Un clic y la habitación se llenó de luz. Una luz rota, cansada, pero luz al fin. Y bajo esa luz, la imagen de Helena, acurrucada en la esquina de la cucheta, no tenía nada que ver con la voz que había estado oyendo. Tampoco con el retrato del ascensor. Era la expresión más exterior del cautiverio: la ropa arrugada en todos los lugares posibles, las sombras de un maquillaje antiguo derramadas sobre los pómulos y el pelo rubio descompuesto y apelmazado. Jonás se acercó y se inclinó para mirarla de cerca. Un corte en el labio parecía no querer cicatrizar, justo ahí donde ella no podía parar de clavarse los dientes nerviosos.

—¿Sabés hace cuánto que estás acá? —preguntó Jonás.

—Ocho o nueve días. Creo. Me prende y me apaga la luz cada cierta cantidad de horas.

—Qué considerado.

—Sí. Suponiendo que me la esté prendiendo de día y apagándola de noche, y no al revés.

Jonás se quedó pensando. Después, preguntó:

—¿Te trata bien?

Helena levantó la cabeza y lo miró incrédula. Después volvió a bajarla, sin responder. Ahora Jonás veía un par de orejas prominentes que asomaban atrás del pelo y podía empezar a percibir el aliento ácido. Los ojos, sin embargo... el cartel en el ascensor decía veintitrés años, pero la Helena de la cucheta conservaba la mirada tenaz de una niña.

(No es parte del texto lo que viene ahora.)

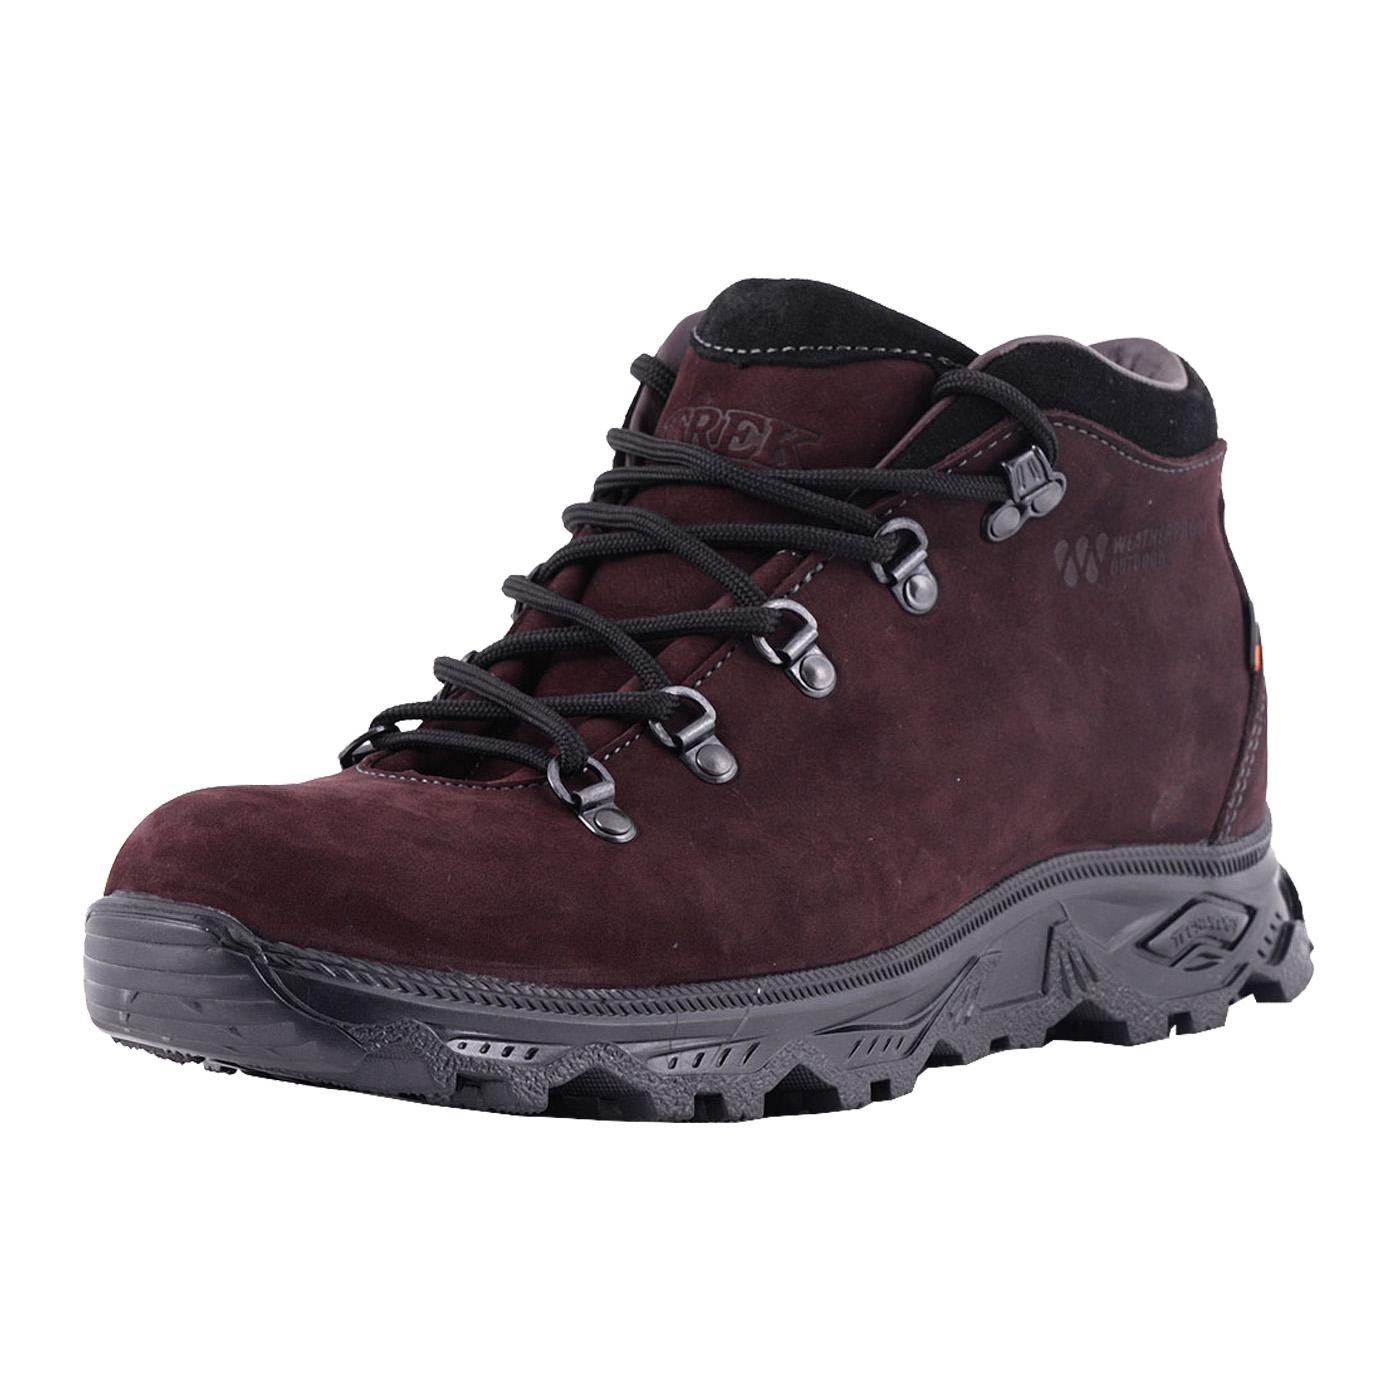 Ботинки мужские TREK Andes3 (шерст.мех), Ботинки - арт. 1129400177

Entonces, recordó al grillo. Se llevó la mano al bolsillo del pantalón y lo sacó. Sostuvo el cadáver en la palma y ambos lo miraron. Estaba quebrado por la mitad y le faltaban varias patas. Una de las antenas se doblaba en un ángulo imposible. Había pelusas enredadas debajo del ala.

Un ruido en la puerta los hizo mirar. La traba primero y las bisagras después. Una mano huesuda se metió por el intersticio y apagó la luz. La puerta se cerró otra vez.

Navegaba el sueño como un hombre rana, cerca de la superficie, vagamente consciente del umbral. Por eso se despertó sin estímulo o, precisamente, por la ausencia de todo estímulo. El vacío en la cucheta al lado, el hueco de aire frío.

—¿Helena? ¡Helena!

—¡Shh!

El chistido venía de la puerta, o de donde creía recordar que estaba la puerta. Se acercó pisando con cuidado. La proximidad del cuerpo de Helena le devolvió un calor mínimo, un vaho rancio al que hubiese querido agarrarse.

—¿Qué pasa?

—Voces. Está con alguien.

Jonás pegó la oreja. La puerta estaba congelada. En efecto, del otro lado, a cierta distancia, alguien discutía.

—...decime que está bien…

—Te tengo que pedir que te vayas —esa era la voz de Soto. Hablaba claro y firme. En cambio, el otro intentaba susurrar.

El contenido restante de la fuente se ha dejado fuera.